The day began like any other day. We had just had company, and I was feeling unusually tired. I felt like it was fairly difficult just to get up and off the couch. I was making dinner at about 5:30pm and felt a little tightening in my abdomen- similar to the Braxton Hicks, but this one was slightly uncomfortable. The second one rolled in like clockwork 15 minutes later. This continued for about an hour. I casually mentioned it to my husband, cleaned up dinner, and put our son to bed. We decided to let the midwife know that things were probably starting. The phone call did not go through. I tried again…and again…..and again. The contractions were about 7-10 minutes apart when we finally got in touch with the assistant. She decided that she would need to drive the 3.5 hours round trip to our midwife’s house and pick her up, since the phone seemed to be out. That 3.5 hours seemed so long. I had sent my husband to bed to rest, and as I paced downstairs, he jumped out of bed upstairs every 10 minutes or so to see if they were here yet. I listened to music and prayed. I prayed like I never had before! At this point I had a pretty cool talk with God. I was feeling grumpy because I was uncomfortable and felt like I shouldn’t have to be alone. I was feeling a little bit abandoned. God and I had a pretty serious discussion about how delivering this baby WAS something that I was alone in, but with God by my side, I really wasn’t alone. He made it clear to me, though, that no one but him could really walk with me in this journey- that it was just him and I dealing with this pain. I felt him in the room with me that night, touching my shoulder, and reassuring me that even though there are times in life that I will feel totally alone- I will never be alone with him by my side.

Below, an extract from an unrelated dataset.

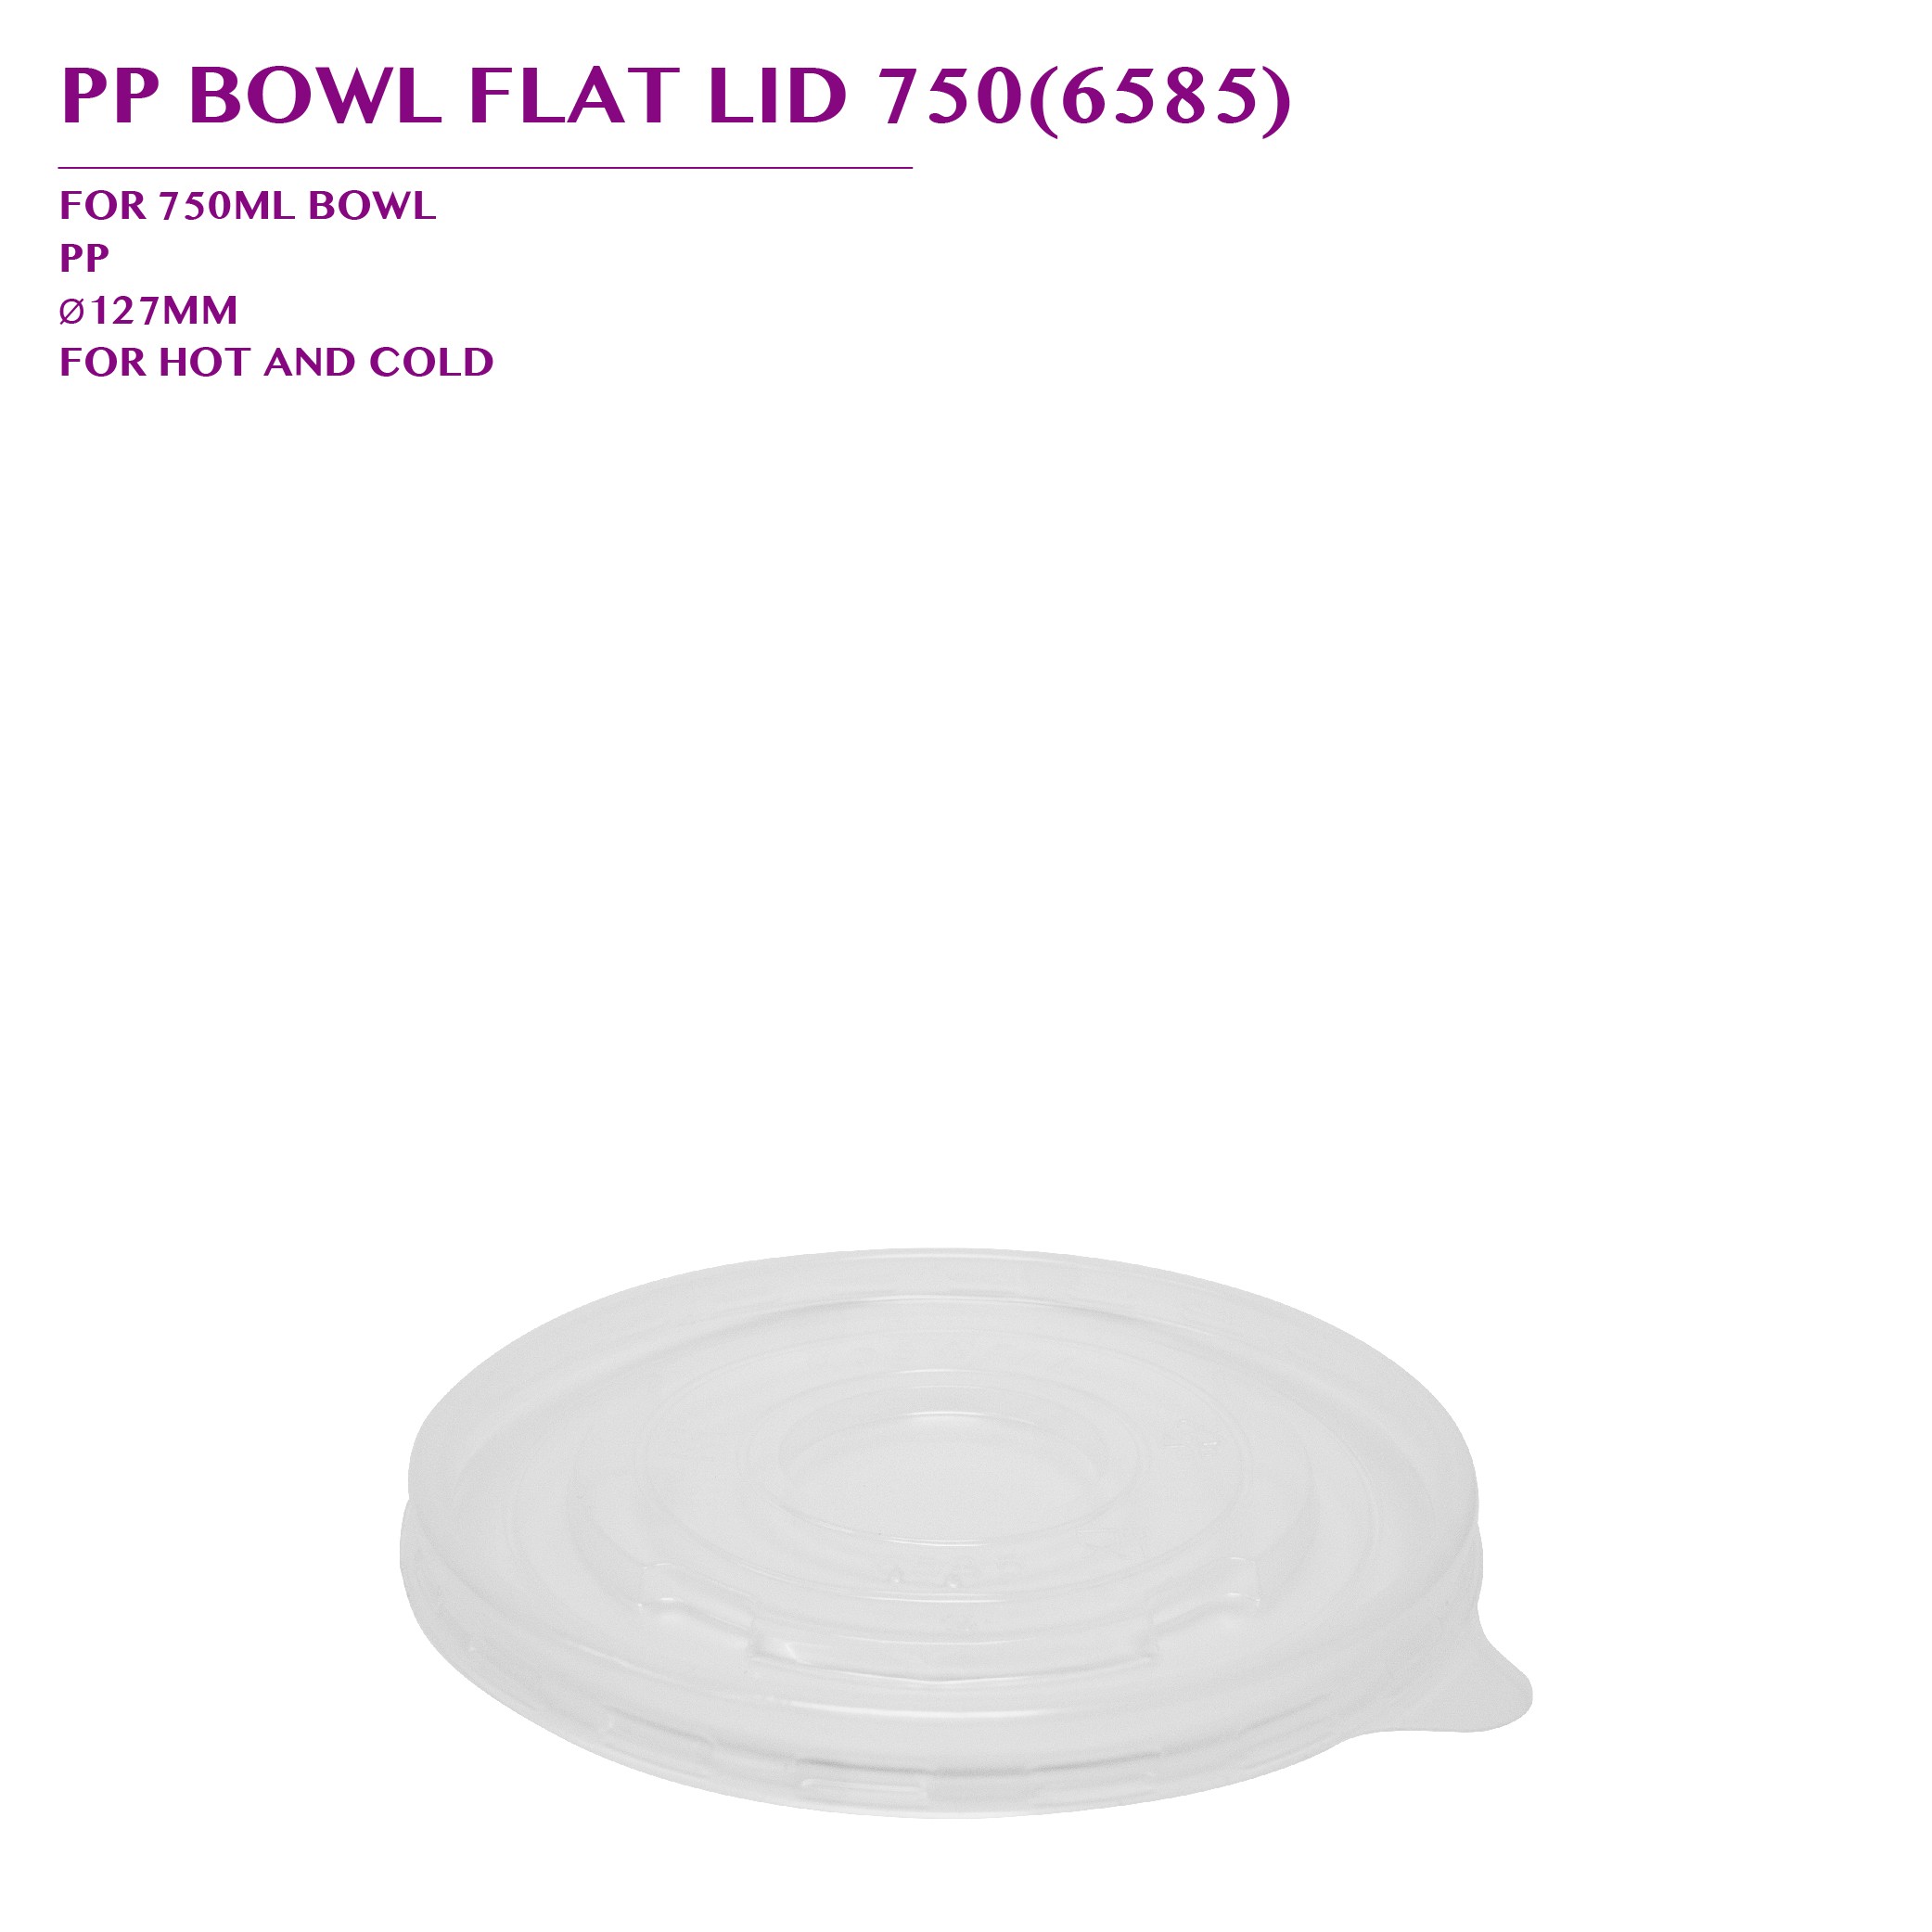 PRE-ORDER PP BOWL FLAT LID 750(6585) 600PCS/CTN

The midwives finally arrived at the house at 1:40am. By this time, the contractions were taking a little more concentration, but we decided that everyone should try and rest. I was having a tough time resting, so I paced for awhile.
At about 3:30am, the contractions were getting more serious and the midwife came upstairs with me. I do not have a very good sense of time from this point on, but I can tell you that from about 6:00am until our son was born, I experienced some of the most intense moments of my life! My husband was absolutely wonderful- rubbing my back, whispering how much he loved me, encouraging me to keep going through each contraction. It was super tough, though. I felt frustrated, I felt hopeless at times, I felt exhausted, I felt like giving up. And then, in an instant after what seemed like an eternity, I held our son in my arms with my husband behind me, looking down on us with such an intense expression of love and joy.
There are so many things that stick out in my mind about being at home, delivering this new life with just my husband and midwives present. It intensely bonded my husband and I, and strengthened each of our separate and combined relationships with God. It bonded us with this new life in a way that I cannot even begin to describe. One of the coolest things about it, though, is what it did for us as a family. In many ways, it healed much of the trauma from our first son’s birth and changed how we view the whole experience with him. It really made us all feel more like a family, and not so disconnected. I cannot say that a home birth is for everyone, but for us, it has been, and probably always will be an extremely powerful moment in our lives as a family. I am so thankful that we got to experience it together, in the quiet of our own home. Welcome, little one!